Looking back at a flagship project: Internet of Food & Farm 2020
6 min.
The Internet of Things, often abbreviated as “IoT”, is an ever more present concept. Put simply, the IoT refers to the networks of physical devices from all around the world that are connected to the internet and can collect and share data, and often even perform automated tasks. From wearable health monitors to smart kitchen appliances or self-driving cars, what was once seen as technology straight out of a 1960s futuristic fantasy comic book has not only become mainstream but is so ingrained in our everyday lives that it’s now almost unremarkable. “Unremarkable”, however, is certainly not a term to be associated with one of the largest and most impactful European innovation projects in recent memory – The Internet of Food and Farm 2020.

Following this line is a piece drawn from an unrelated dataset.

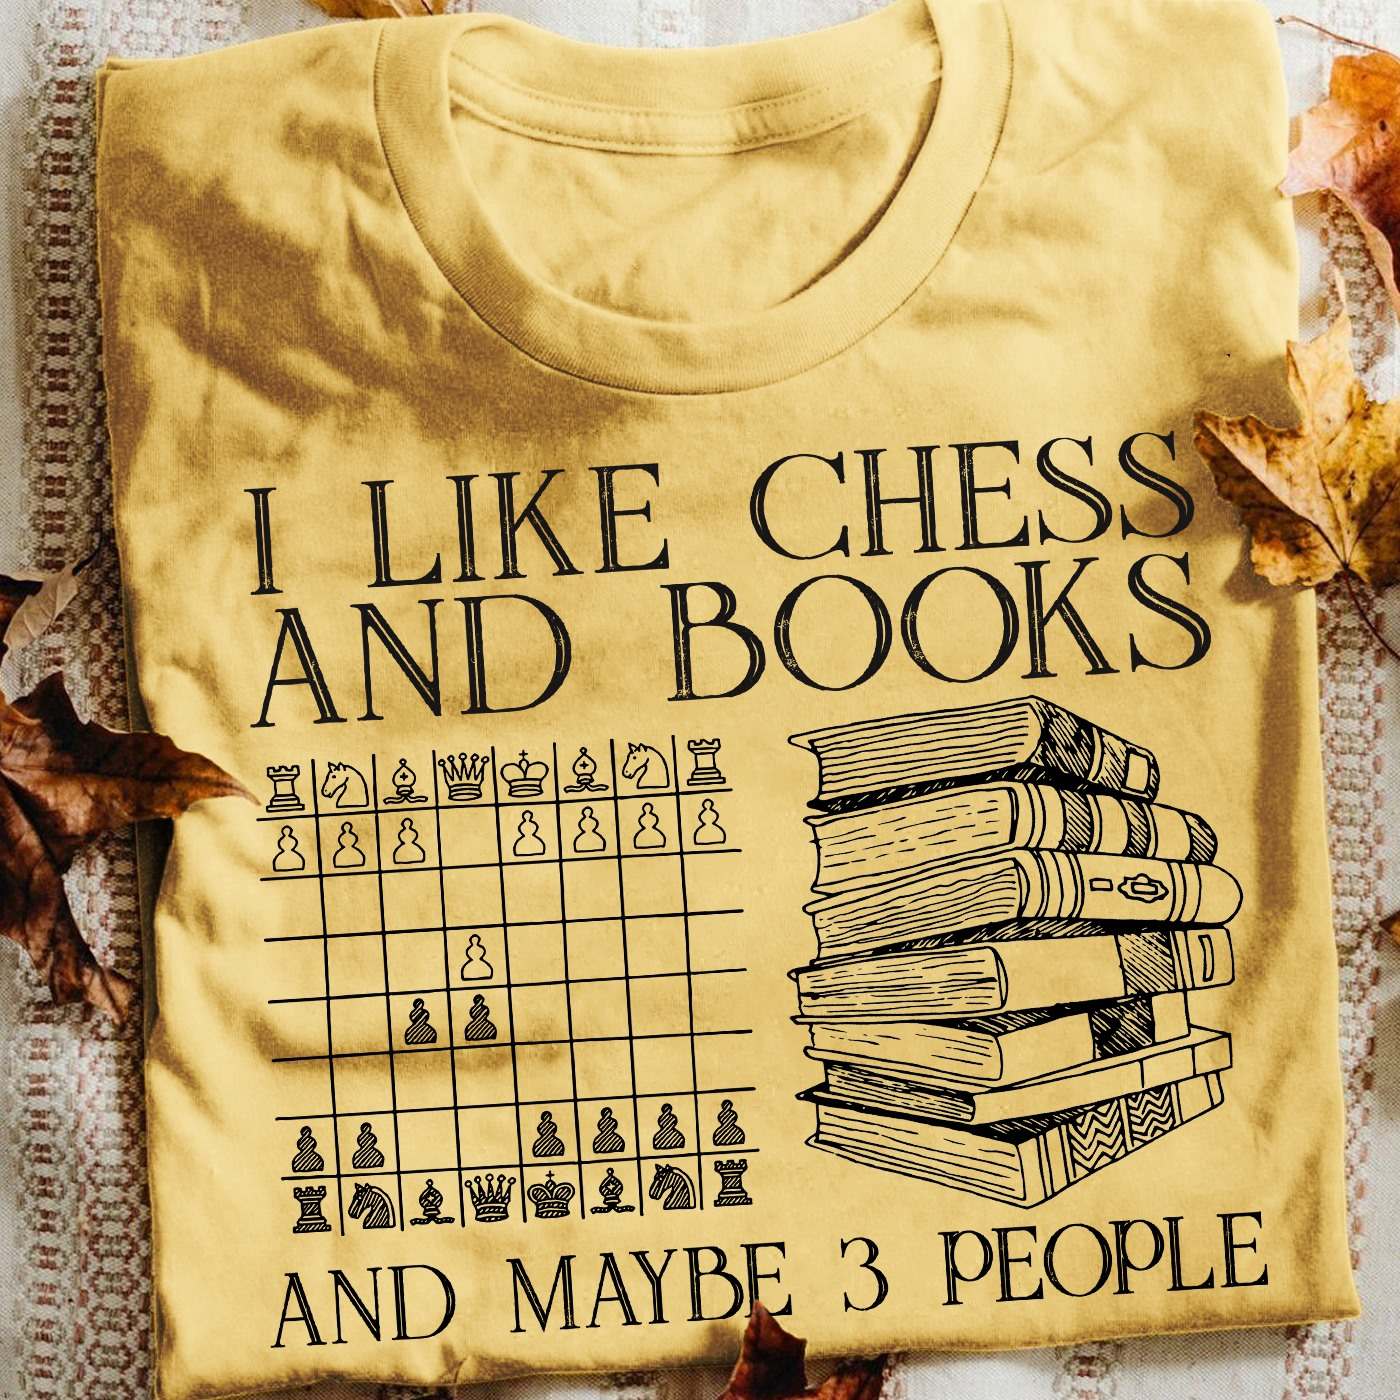 I like chess and books and maybe 3 people - Book lover

The Internet of Food and Farm 2020 (IoF2020) was a €34 million Horizon 2020 project which ran from 2017 to 2021 and aimed to accelerate the adoption of IoT to secure safe and healthy food and strengthen the competitiveness of farming and food chains in Europe. This project tested and showcased agricultural IoT technologies in 33 use cases across Europe, including wide-ranging applications such as data-driven potato production in Poland, poultry chain management in Spain, wine integrity tracking in Bulgaria and pig health monitoring in Sweden. With over 140 partner organisations spread across 22 European countries, its vast scope drove forward the European agricultural innovation landscape in a major way, granting it the prestigious status of flagship project in the fields of precision agriculture, IoT and food supply chain management.
Broken down into five agri-food areas: arable, dairy, vegetables, fruit, and meat, the IoF2020 use cases aimed to use IoT technologies to address specific issues along various food chains, all the way from the farm to the consumer. We include below a brief snapshot of some of the interoperability breakthroughs and efficiency gains achieved through the use cases.
Happy Cow
This use case aimed to encourage technology uptake in dairy farming by combining advanced big data analysis with machine learning technologies. This allowed farmers to better understand their animals, detect issues at an early stage and get suggestions on potential solutions, thus increasing the farm’s productivity.
It developed a system named “Ida”, which used neck-mounted devices to help cattle farmers identify issues on dairy farms whilst also providing recommendations as to how to tackle them. By connecting Ida to the entire value chain this solution supported end-users in transitioning to a more sustainable way of farming. Through Artificial Intelligence, raw sensor data is turned into actionable insights for the benefit of people, companies, and the natural habitats in which they operate.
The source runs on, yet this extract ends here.